Part of the problem is the the “Hotel California” nature of SourceForge. Projects can check out any time they like, but they can never leave. Once a project is hosted on SourceForge, it is reportedly near-impossible for the project to be removed, even if it moves active development to a different platform. On the one hand, this is beneficial to the community, since it ensures abandoned or closed packages will remain available for download. On the other hand, it allows for undesired insertion of adware and other antisocial activities.

SourceForge is clearly no longer a safe place for developers to host projects or for users to download software. That’s a shame, because SourceForge had a take on hosting that other sites seem to ignore. GitHub, BitBucket, and others are very focused on serving as platform for hosting code. They focus on the developer experience. GitHub’s simple interfaces for forking projects and submitting pull requests (whatever technical limitations they may have) have done a great deal for making source code readily accessible and encouraging open development.

SourceForge’s strength was that it provided an easy way for users to search for projects and to download compiled releases. The casual user almost certainly lacks the skills and desire to build packages from source (and many others who are capable certainly don’t want to). The misleading “Click here to Download!” ads aside, SourceForge made it easy for users to get an installer. GitHub has a “Releases” feature which attempts to do this, though it’s not clear that the feature is widely used (full disclosure: I have not used it as a developer or a consumer).

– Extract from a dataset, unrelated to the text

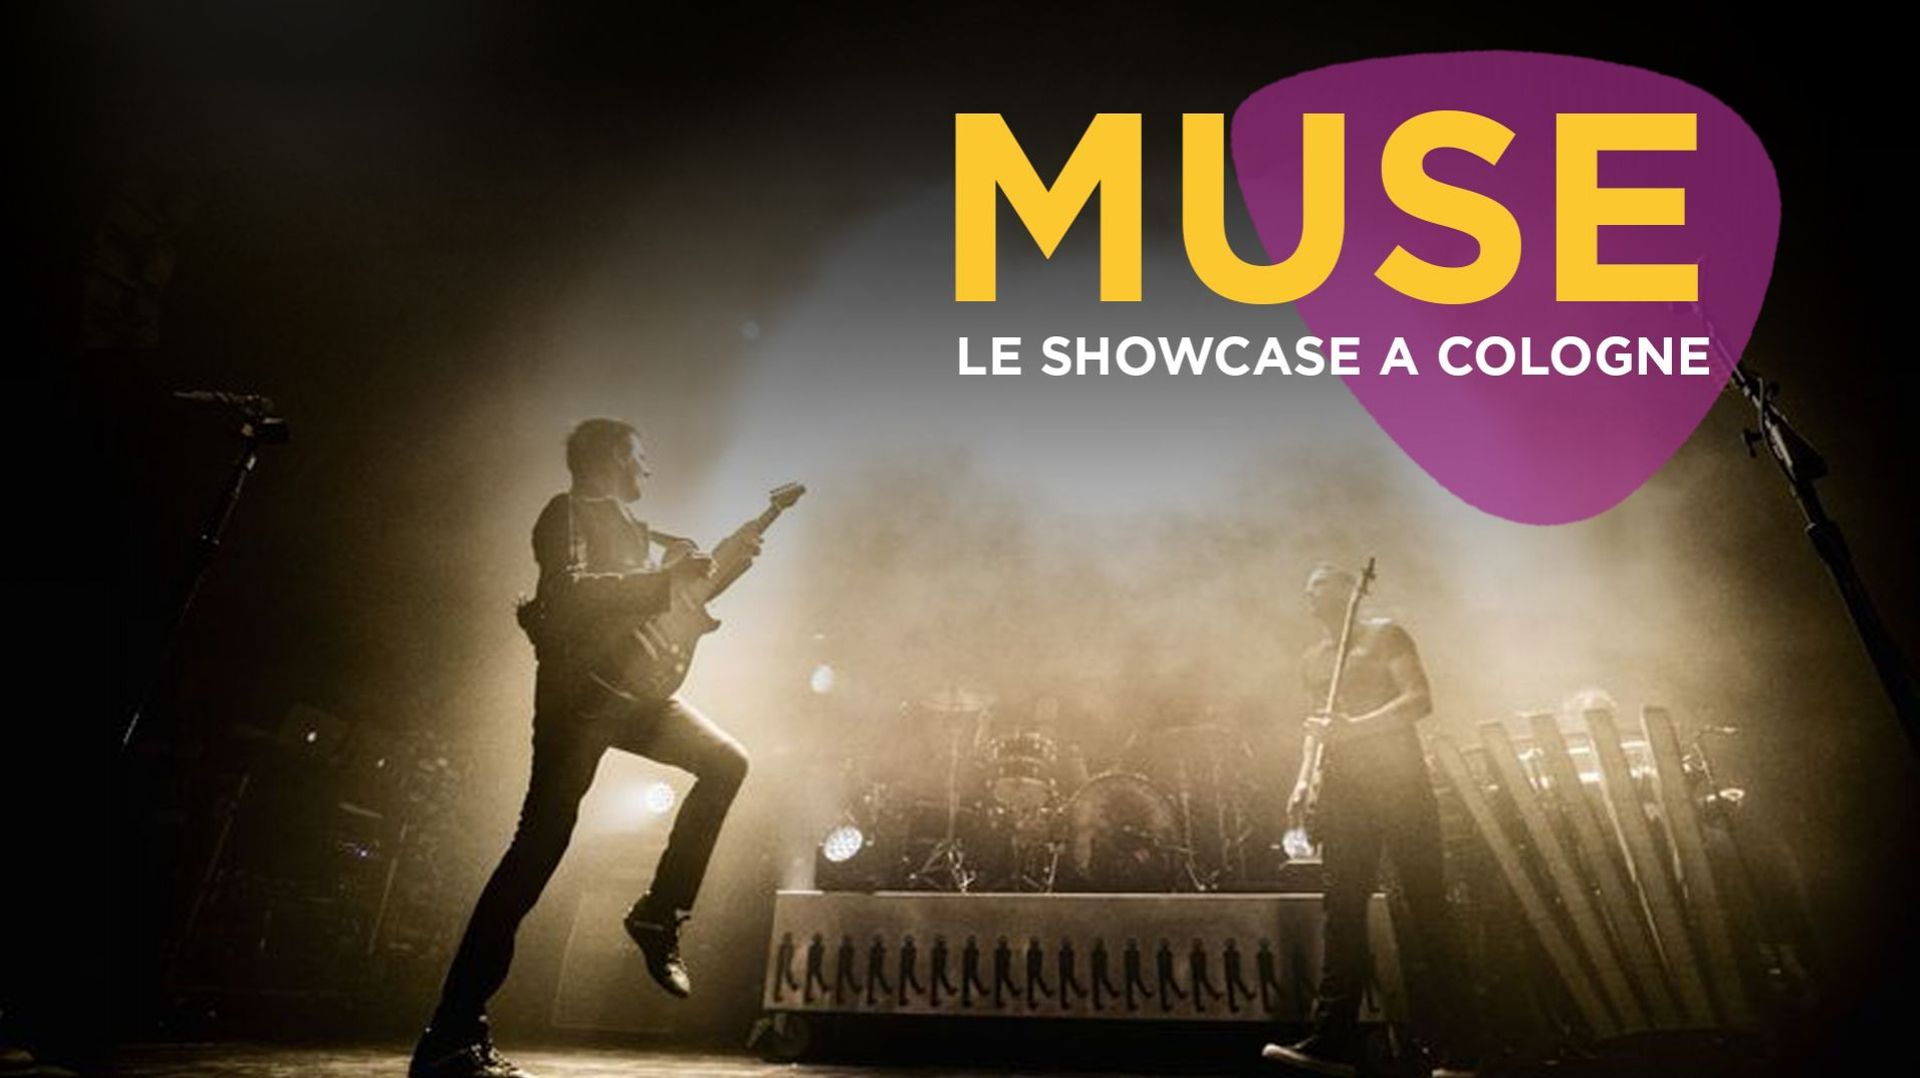 Le showcase de Muse
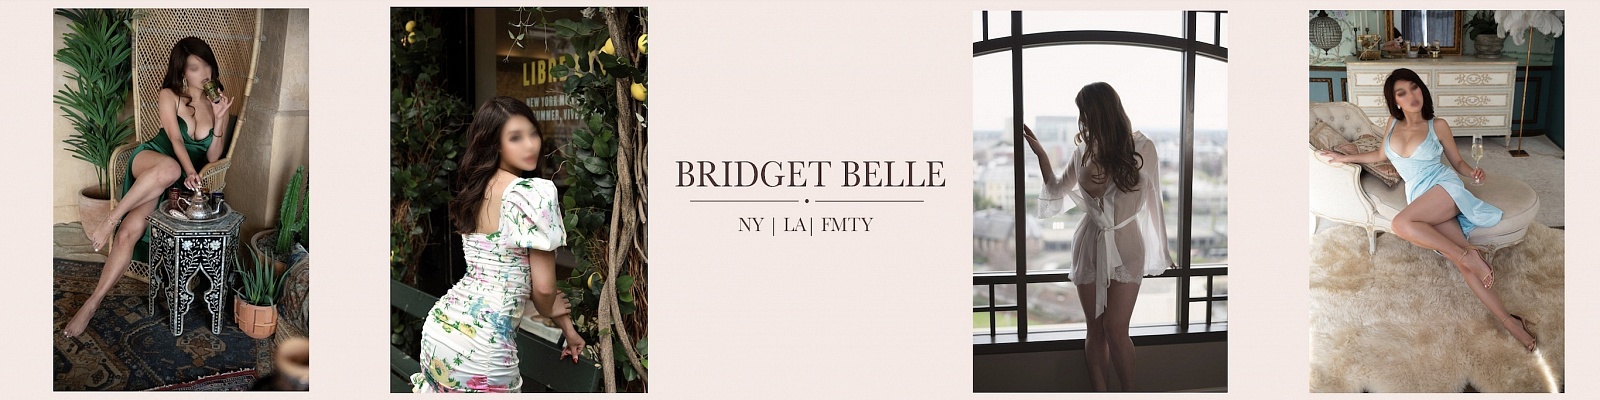 Bridget Belle’s Cover Photo

The looming death of SourceForge leaves a real gap in the accessibility of open source to the casual user. It also highlights the dangers of relying on a third-party hosting service (what’s to stop GitHub from doing something similar except the fear of irrelevance?). Self-hosting is not the easy answer it seems, though. Developers are not necessarily systems administrators and may not have the skill or the available resources to maintain their own hosting site, especially for trivial code or code that becomes widely popular. Hopefully SourceForge serves as an example of what not to do and an inspiration for someone to fill the gap better.